それと農業用も作ってホーデン領で試験予定です。多分ですけど農家の方に実際に使ってもらうと思います」
「やります。リンダ師匠が作った魔導具をちゃんと見て勉強したいです」
「私もやります」
ケターダさんとジェミニさんが返事をした。
「それではお願いしようかな。ついでに仕様書も書いてみると良いよ」
「「はい」」
「セリカさんは何故1ヶ月も休むのですか?」
殿下が不思議そうに聞いて来た。
「新方式の船の長距離航行試験をやるのでフソウ国迄行って来ます。後積荷のやり方も変えたので検証もしないとね」
「もしかして褒賞でもらった船ですか?」
エマーダさんが聞いて来た。
「そうですよ。今はホーデン領沖で試験航行をしてます。フソウ国へは3日程短縮予定です」
「そんなにも日数が短縮出来るのですか?」
「はい、風に左右されないのと帆船よりも速度が出ますので。これによって輸送費も安くなりそうです」
「どうして安くなるのですか?」
殿下がまた聞いて来た。
「単純に話しますと人件費と船の使用費の3日分の費用を浮かす事ができます。それとそこの船からは荷物の積み方を従来からコンテナ方式に変えているので、より荷物が積める事になっていますので、その分も関係してきますね」
「良く分からないのですが?」
「もっと簡単に話しますと、荷馬車10台で10日かかっていたのが1台で7日で済む様になってと考えて下さい」
「まだ良く分からないのですが?」
「殿下、此の辺り話は領主の子で有れば知っていないといけない物です。では宿題にしましょう。
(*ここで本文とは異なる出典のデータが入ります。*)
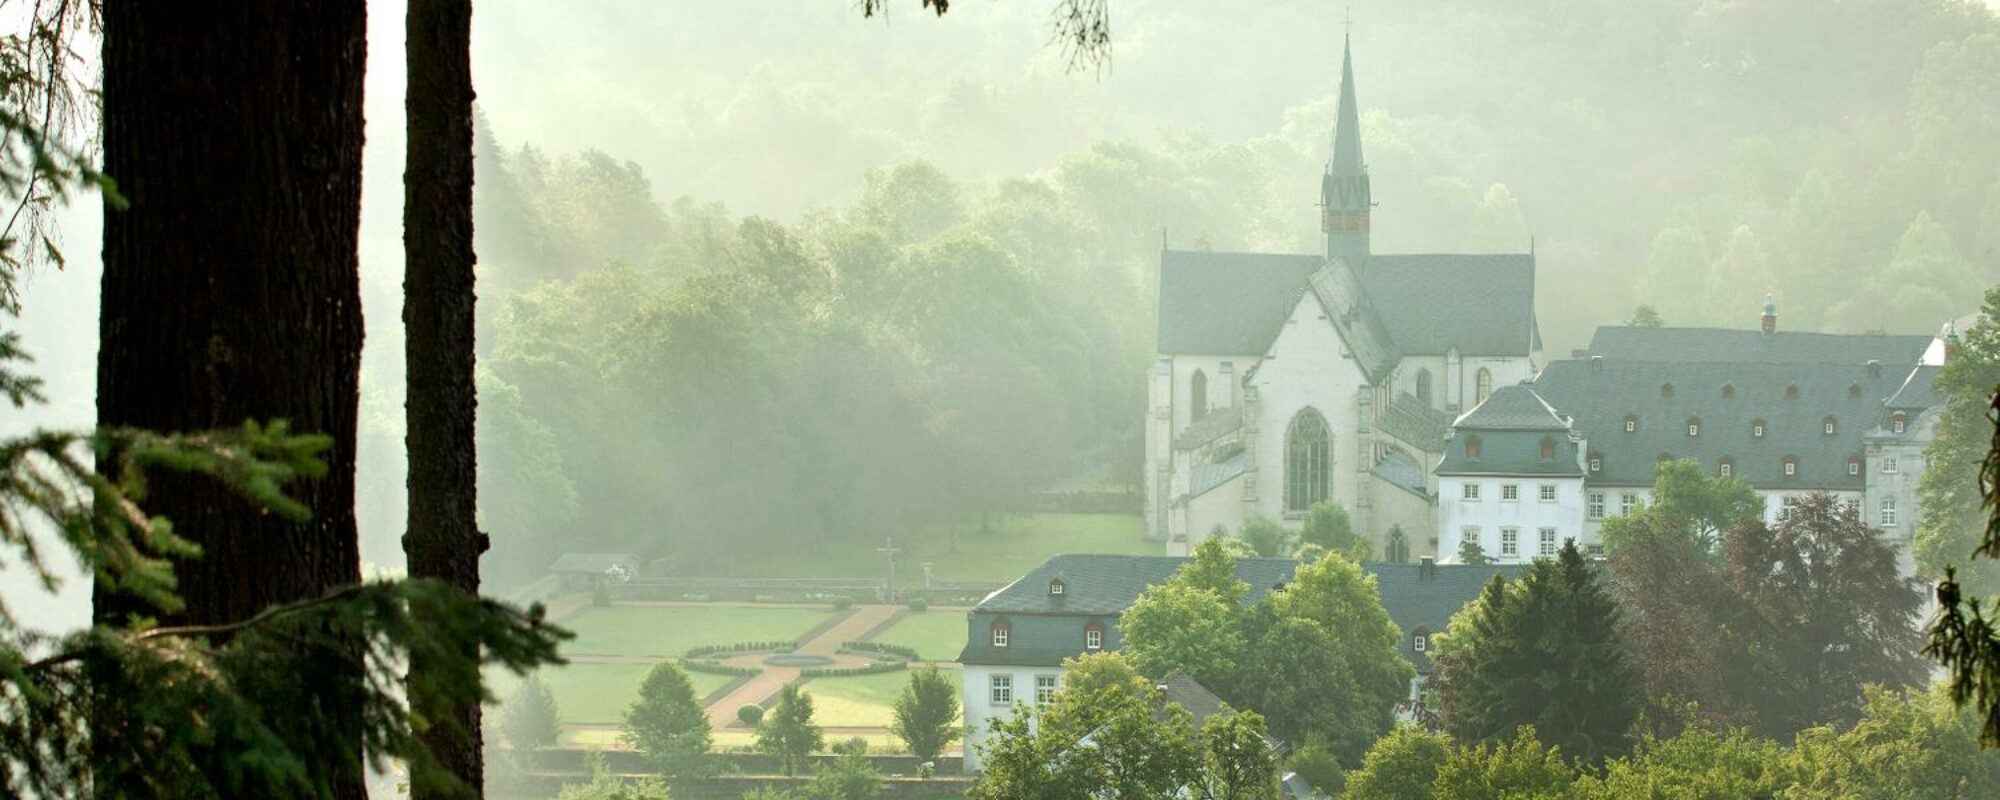 Blick durch grüne Pflanzen auf Kloster im Nebel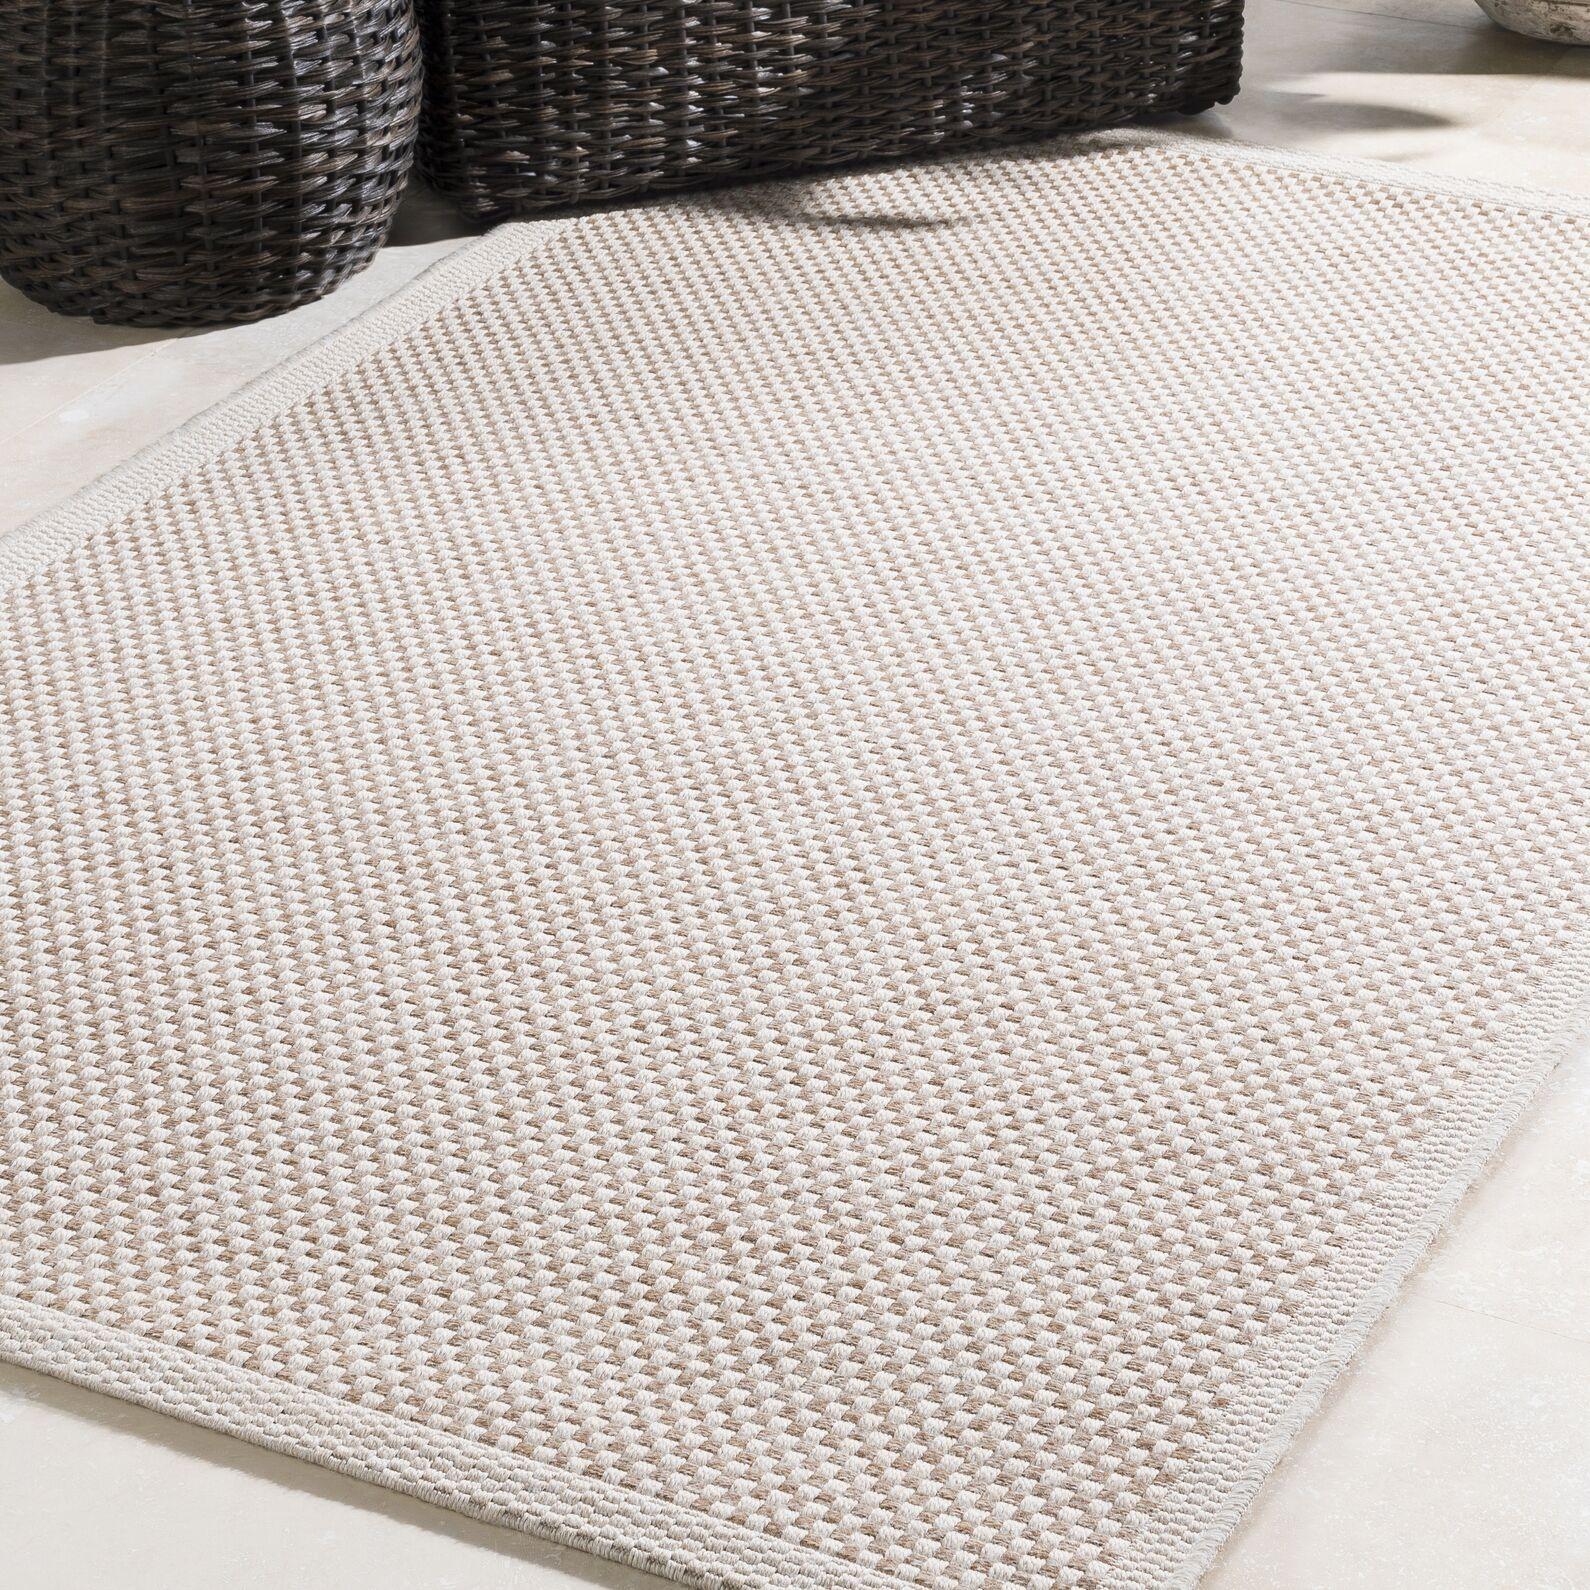 Sarang Beige Indoor/Outdoor Area Rug Rug Size: Rectangle 5' x 7'6

王城の通商部で有れば、より詳しく教えてくれるはずですので聞いてみて下さい。
まだこれから試験の続きをするので、話しは此処迄です。はい皆さん出て行って下さい」
一度全員を洗濯場から出したのですが、フソウ国組の2人とジェミニさんが「静かにしているので見学をさせて欲しい」と言って来たので、OKして今からやる事だけを説明してから動作確認の続きを始めました。
◆
セリカに追い出されたメンバー達は食堂で話していた。但し3人を除いて。
「セリカさんの言っていた事が全然分からなかったのだけど・・・皆はわかったの?」
殿下が皆に聞いて、皆は頷いていた。
「私と男爵家の所は鉄道でさとう大根の出荷が有るのでわかります。前までは何台もの荷馬車で途中宿泊しながらホーデン領迄運んでいたのが鉄道になって経費が削減出来ましたから」
伯爵家女子が殿下に言った。
「ミウラもわかるの?」
「わかりますよ。学園に入学した時にセリカちゃんと話した時から勉強しましたよ」
「覚えてますよ、あの時は最後の方は経済の話になったのですよね」
「ローレルは?」
「私もわかりましたよ。特産品をやる様になってからですけど」
「私だけなの?」
「まぁ頑張って勉強して下さい。でも分かってないとこれから困りますよ。特に特産品をやるならなおさらです」
4人は話しを続けた。
◆
全ての試験が終わったセリカは3人から質問を受け、答えてから事務局に行き、暫く置かしてもらえる様にしてもらって、使いたい人には使ってもらう事にした。
一応色落ちや生地によっては縮む事を言っておいた。
その後リンダに電話をして試験合格を言って、量産をスタートさせる。
勿論父親のダイナにも報告をした。
「洗濯機の試験も終わったから船に専念出来るね。